Sungguhpun terpisah, Gereja-Gereja Timur mempunyai sakramen-sakramen yang sejati, terutama berdasarkan pergantian apostolik, Imamat, dan Ekaristi. Melalui Sakramen-Sakramen itu, mereka masih berhubungan erat sekali dengan kita. Maka dari itu suatu kebersamaan dalam perayaan Sakramen-sakramen, bila situasi memang menguntungkan dan dengan persetujuan pimpinan gerejawi, bukan hanya mungkin, melainkan juga dianjurkan.

Di Timur terdapat kekayaan tradisi-tradisi rohani yang terutama terungkap dalam peri hidup para rahib. Sebab di situ sejak zaman kekayaan para Bapa kudus berkembanglah spiritualitas monastik, yang kemudian menjalar ke kawasan Gereja Barat.

Spiritualitas itulah yang menjadi sumber bagi lembaga hidup religius dalam Gereja Latin, dan kemudian memberinya daya-kekuatan baru. Maka dari itu, sangat dianjurkan supaya Umat Katolik lebih sering menikmati kekayaan rohani para Bapa Gereja Timur yang mengangkat manusia seutuhnya untuk merenungkan mister Ilahi.” (Halaman 205-206)

(17) (Ciri Khas Gereja-Gereja Timur Berkenaan dengan Soal-Soal Ajaran).

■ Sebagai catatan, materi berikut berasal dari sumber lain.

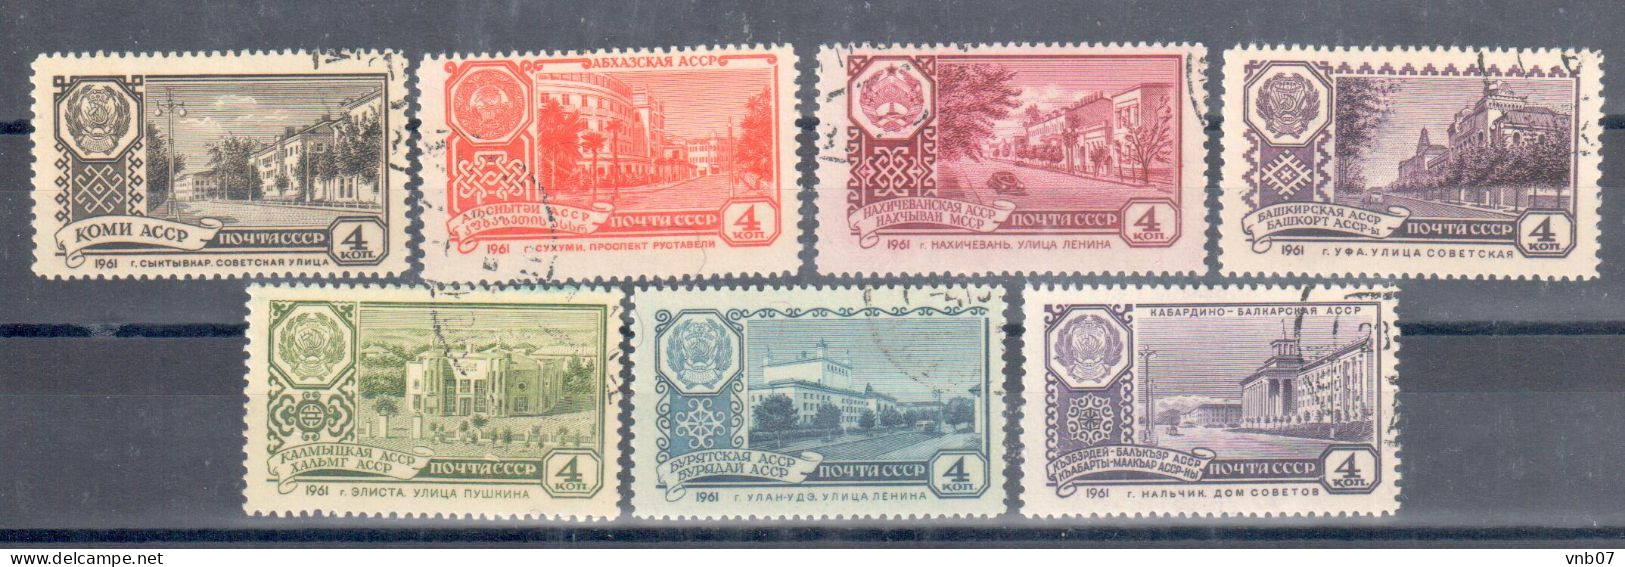 Russia USSR 1961, Sc#2338-2344, Mi#2488/2554. Capitals Of Soviet Republics. Incomplete Set. CTO. - Used Stamps

“Mengenai tradisi-tradisi teologis Gereja-Gereja Timur yang otentik, harus diakui bahwa tradisi-tradisi itu memang berakar secara mantap dalam Kitab Suci, diteguhkan dan diungkapkan oleh kehidupan liturgis, diperkaya oleh tradisi apostolik yang hidup maupun karya tulis para bapa Gereja Timur serta para penulis hidup rohani. Tradisi-tradisi itu mengantar Umat kepada pola hidup yang baik, bahkan juga kepada kontemplasi kebenaran Kristen sepenuhnya” (Halaman 207)

(18) (Penutup)

“Menyadari semua itu sepenuhnya, Konsili (Vatikan II) suci ini membarui apa yang pernah dinyatakan oeh Konsili-konsili di masa lampau dan oleh para Paus, yakni untuk memulihkan dan melestarikan persekutuan serta kesatuan perlulah tidak menaruh beban lebih berat dari yang memang sungguh diperlukan” (Kis 15 :28). Konsili meminta dengan sangat pula supaya selanjutnya semua usaha ditujukan untuk setapak demi setapak mencapai kesatuan itu, dipelbagai unsur kelembagaan serta bentuk-bentuk kehidupan Gereja, terutama dalam doa dan dialog persaudaraan tentang ajaran-ajaran maupun kebutuhan-kebutuhan yang lebih mendesak akan reksa pastoral pada zaman sekarang. Begitu pula Konsili menganjurkan kepada para Gembala serta Umat Gereja Katolik untuk menjalin hubungan-hubungan dengan mereka, yang tidak hidup di Timur lagi, melainkan merantau jauh dari tanah air. Maksudnya supaya makin meningkatlah kerja sama persaudaraan dengan mereka itu dalam semangat cinta kasih, dengan menyisihkan segala keinginan untuk bersaing. Kalau usaha itu digiatkan sepenuh hati, Konsili suci mengharapkan, supaya robohlah dinding pemisah antara Gereja Barat dan Gereja Timur, pada akhirnya terwujudlah kediaman satu-satunya, dibangun atas Batu Penjuru, yakni Kristus Yesus, yang akan menyatukan kedua pihak,” (Halaman 207-208).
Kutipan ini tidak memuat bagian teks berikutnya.